Okay, the page now has an Excel export, which produces UTF-16E with an .xls extension. If you've been having problems, try that?

24eromsted
Nov 21, 2014, 1:49pm Top

25Louve_de_mer
Nov 22, 2014, 2:56am Top

>12 MarthaJeanne: Ok with "13". Thanks.

26JerryMmm
Nov 22, 2014, 5:10am Top

>25 Louve_de_mer: that's still a workaround. It's not intuitive to double count weird characters.

27prosfilaes
Nov 22, 2014, 9:42am Top

>26 JerryMmm: It depends on how weird; you could have to triple count them (“ ” quotes, for example), or quadruple count them (😀, for example).

28Cynfelyn
Nov 24, 2014, 10:26am Top

(i) Perhaps I'm a bit slow on the uptake, but when someone makes a 'Sort character' change, are they changing it for their work only, or for CK?

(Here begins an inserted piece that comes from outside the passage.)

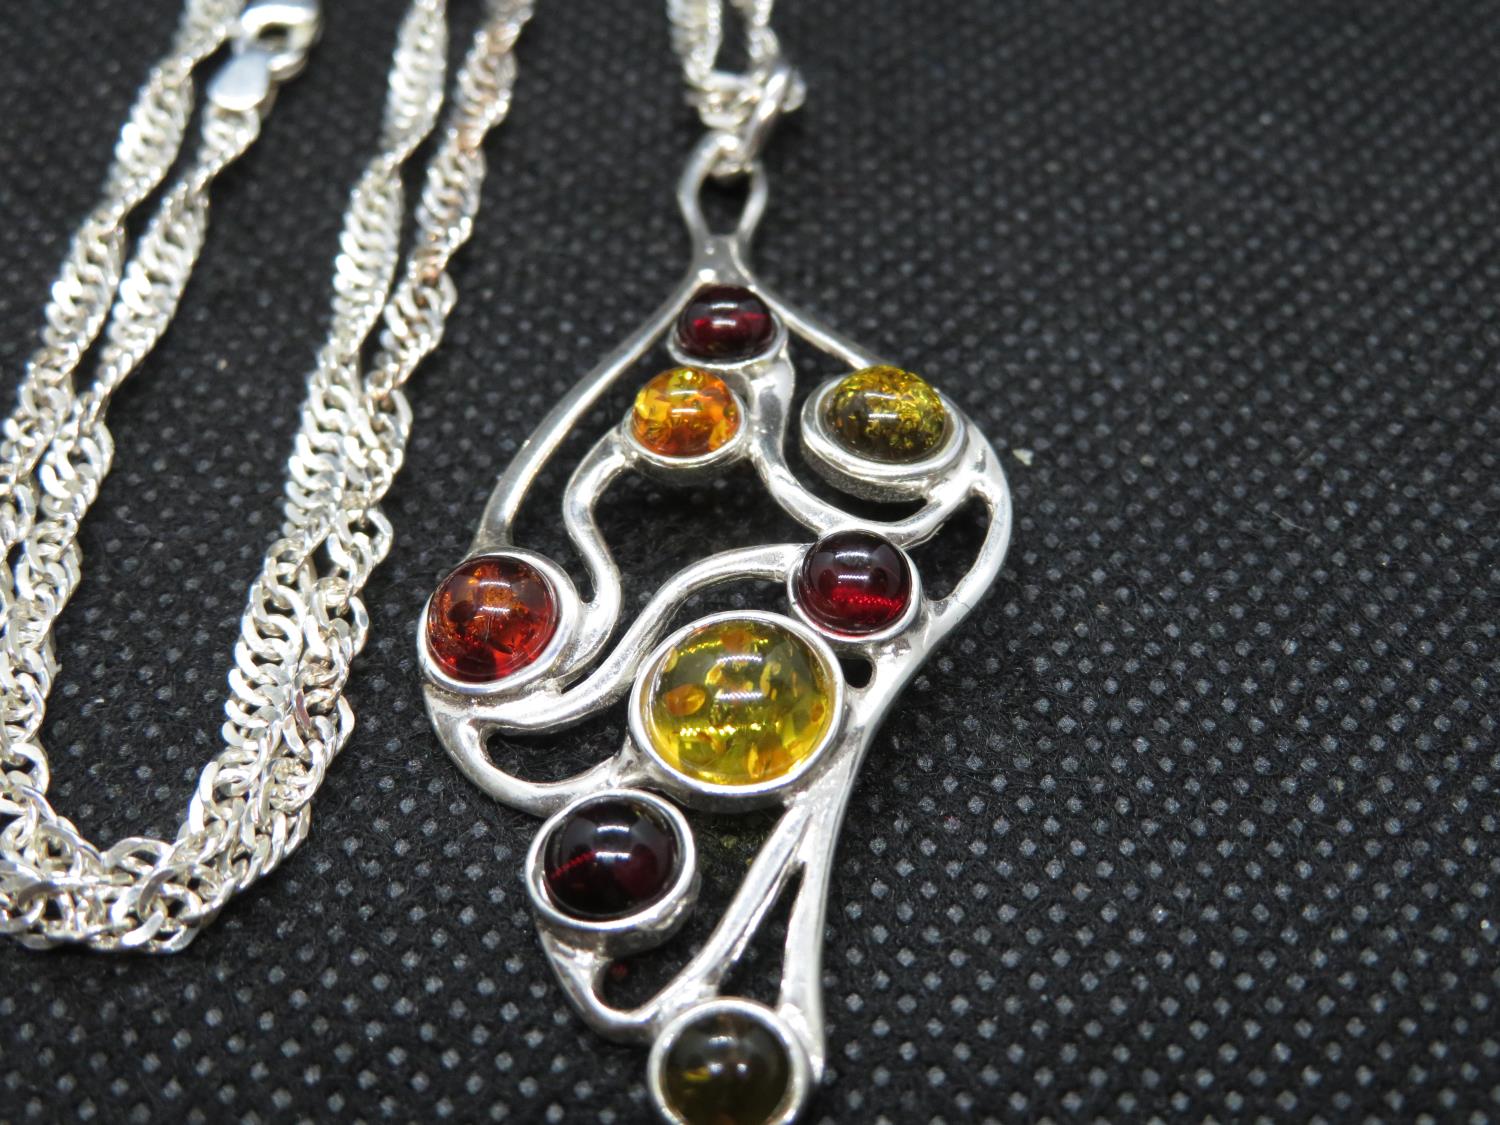 Modernist silver pendant set with Baltic Amber on 24" silver curb link chain 13.8g - Image 2 of 2

(ii) Does the blog article suggest ("Mostly, the system gets it right in the first place ...") that there is an automatic stop list for, e.g. definite and indefinite articles? If so, is it language site-specific, and if so is it possible to edit so that it applies only within the specific language site?

Users are more likely to use non-filing characters for their mother-tongue titles than for foreign titles. Using the example of, say, Marion Eames's Y rhandir mwyn, users of LT's Welsh site might want to sort the title under Rh, but non-Welsh users can't be expected to know that 'Y' is a definite article. Even with 'larger' and more widely known languages, non-German or French users are likely to look for Die Fledermaus under D rather than F, and Les Miserables under L rather than M.

29lorax
Nov 24, 2014, 10:32am Top

>28 Cynfelyn:

Their book only. There's no way this could happen at the work level, which is what CK is, since it's language-dependent.

30anglemark
Nov 24, 2014, 10:39am Top

Die Fledermaus, die!

31jjwilson61
Edited: Nov 24, 2014, 11:17am Top

>29 lorax: Yet CK is language-aware so this could be done.

ETA: Yet I'm not sure what good it would do. I suppose the site search could use it by the language of the site being used. Perhaps when a new book is added and LT auto-combines it, it could copy the sort offset from the work that corresponds to the site being used to the book?

32prosfilaes
Nov 24, 2014, 6:39pm Top

>29 lorax: Not just language-dependent; book dependent. "The Nabokov Russian Translation of Lewis Carroll's Alice in Wonderland" should sort as N, no matter what the other Russian translations sort as.

33timspalding
Nov 24, 2014, 8:17pm Top

FWIW, some process is still allowing 0s in the sort character. I'm working on it.

34lorax
Nov 24, 2014, 9:43pm Top

>32 prosfilaes:

Is that really the title? I'm sure there are other examples where different translations into the same language differ in sort character, though, so it's not terribly important.

35andyl
Nov 25, 2014, 4:59am Top

>27 prosfilaes:

Could something be done with background colour (something subtle) - so we see which characters are being ignored. I think that would make it easy for people to get right without counting and without trial and error if there are weird UTF8 chars.

36prosfilaes
Nov 25, 2014, 9:50am Top

>34 lorax: That's the title in my library; I believe it came from Amazon data. For another example, Hercule Poirot's Christmas was also published as "A Holiday for Murder".

37Noisy
Dec 2, 2014, 3:09am Top

I like this improvement - nice solution.

38lemontwist
Dec 3, 2014, 10:52am Top

I notice now that every time I add a new book, the default is no starting position so they all float to the top of my list. Could it default to the first character unless otherwise set? So annoying to have to do this manually for every book.

39timspalding
Dec 3, 2014, 12:45pm Top

Going to get some testing on this.

40Stevil2001
Dec 25, 2014, 12:14pm Top

I like the idea here, but don't like how this feature currently works.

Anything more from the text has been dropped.